= Beginning of Section =

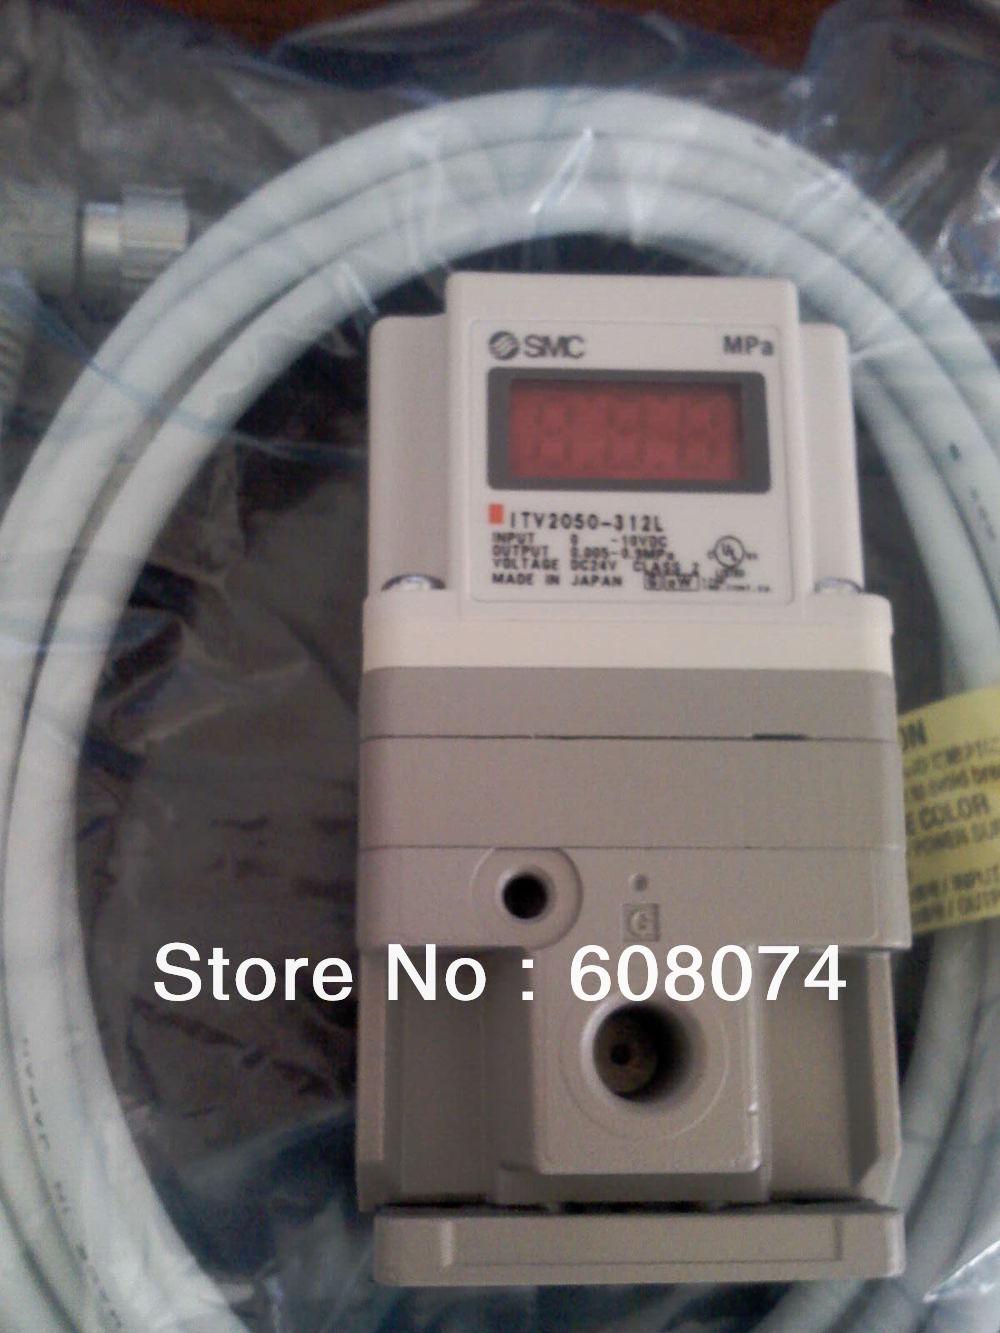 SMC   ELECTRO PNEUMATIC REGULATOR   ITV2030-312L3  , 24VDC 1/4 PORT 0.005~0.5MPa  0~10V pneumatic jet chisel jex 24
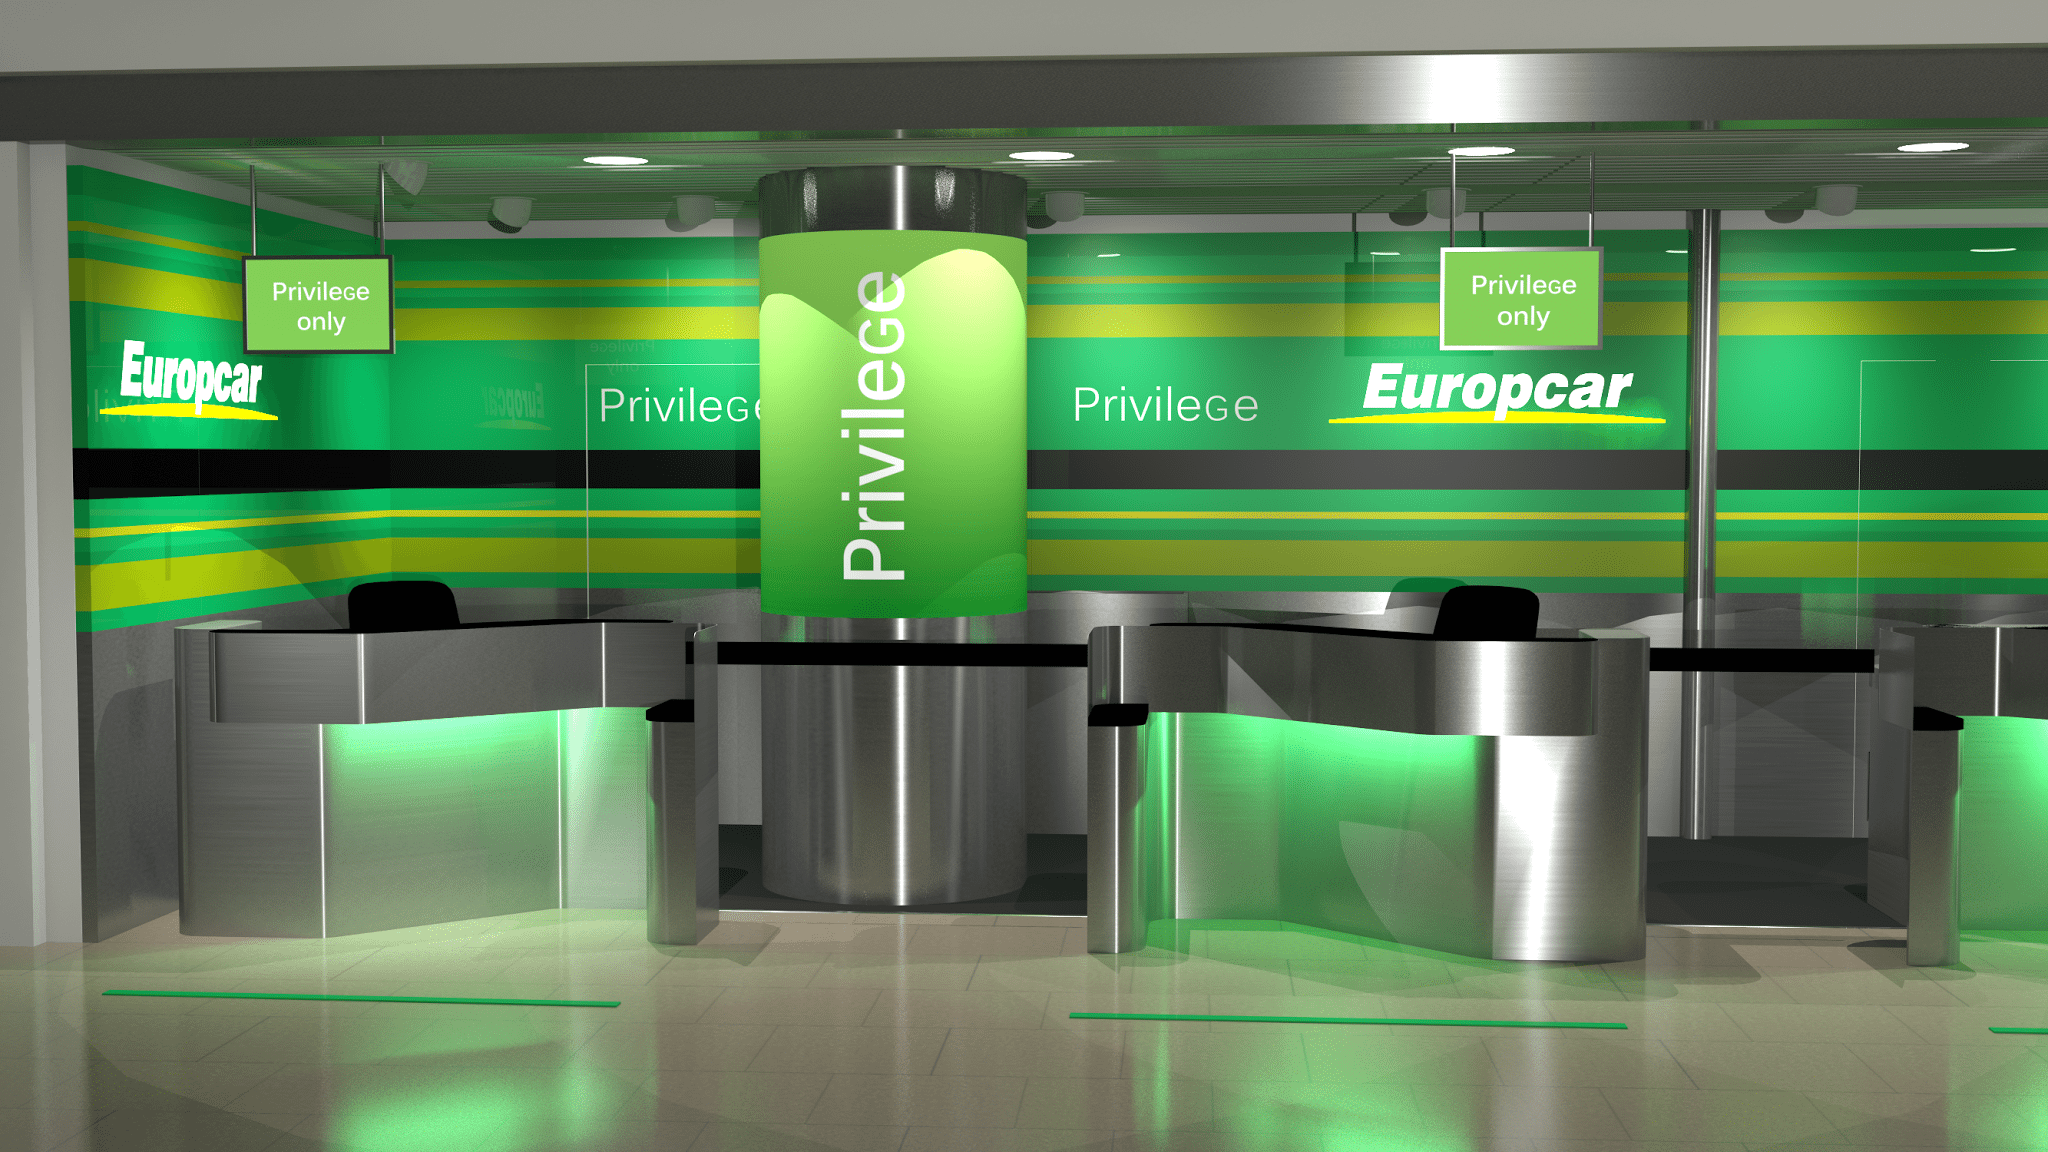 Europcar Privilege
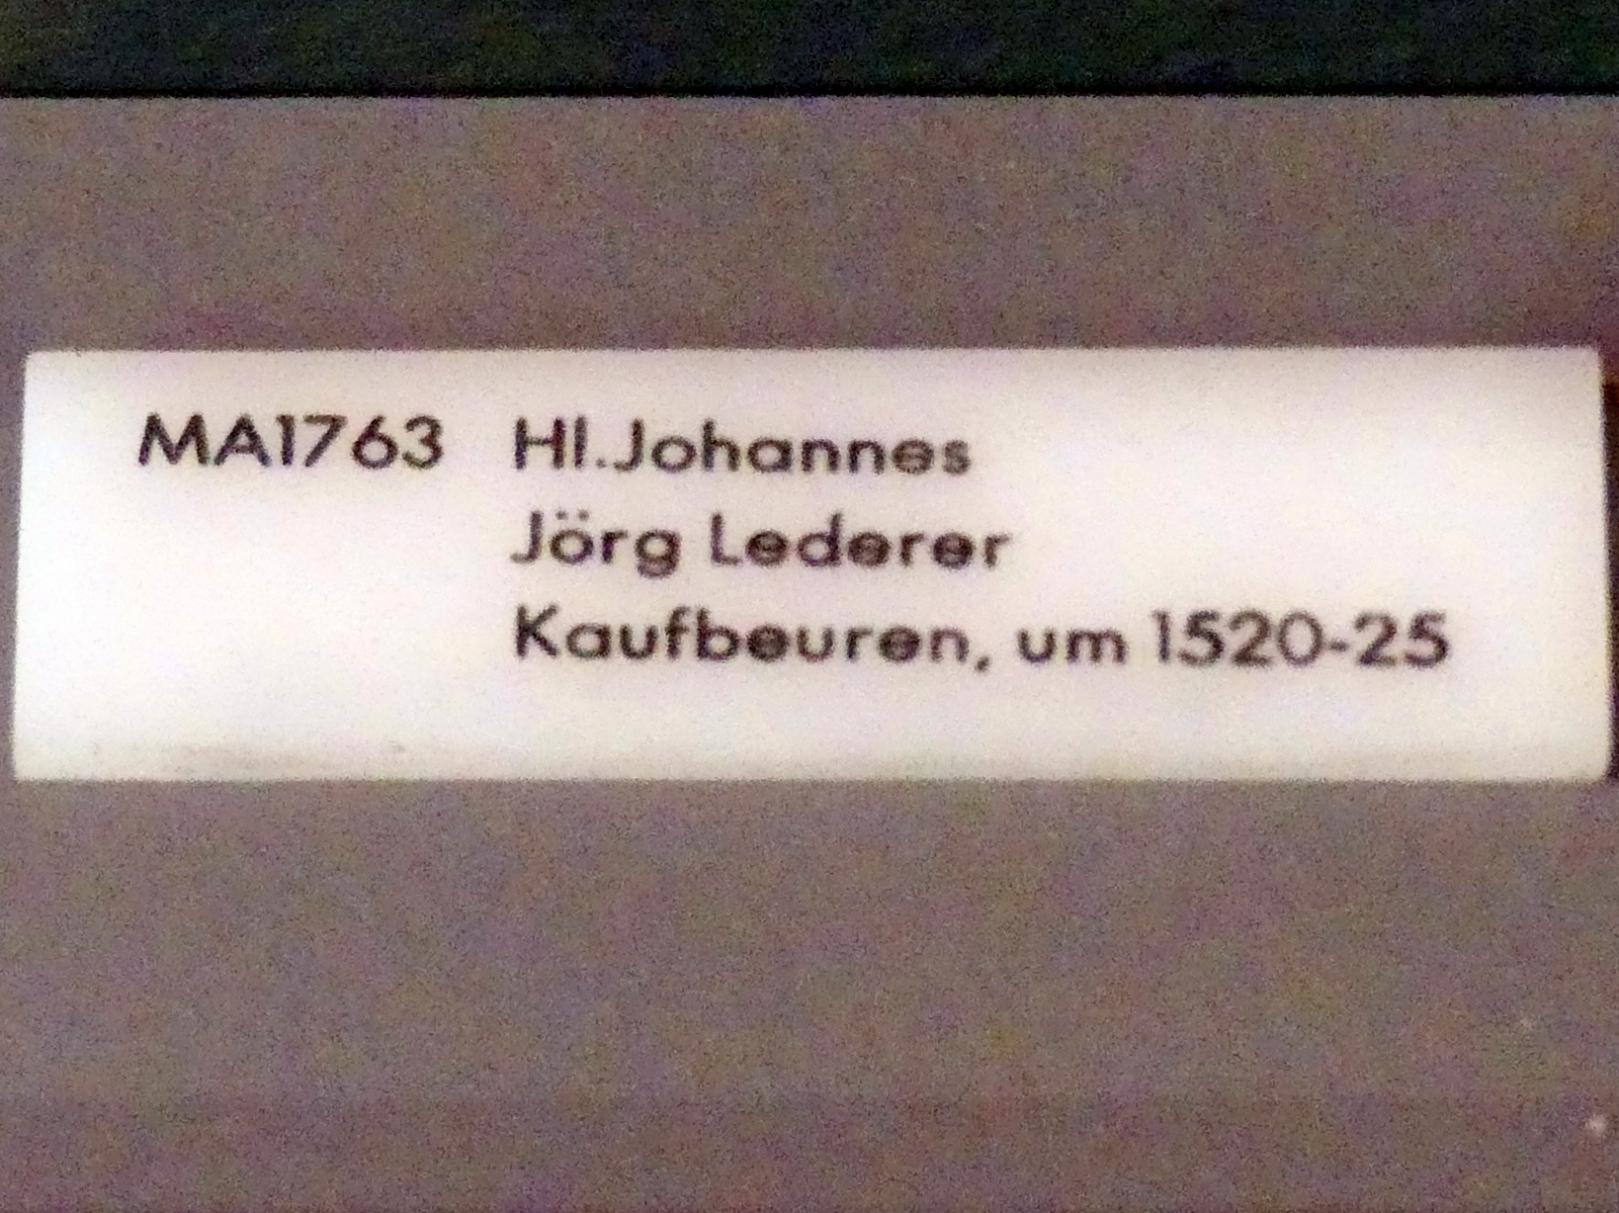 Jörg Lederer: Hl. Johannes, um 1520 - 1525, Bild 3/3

= End of Section =

__Assignment__. The data above must be written out again word for word, without its pictures.

__Answer to this exercise__.
 SMC   ELECTRO PNEUMATIC REGULATOR   ITV2030-312L3  , 24VDC 1/4 PORT 0.005~0.5MPa  0~10V pneumatic jet chisel jex 24
 Europcar Privilege
 Jörg Lederer: Hl. Johannes, um 1520 - 1525, Bild 3/3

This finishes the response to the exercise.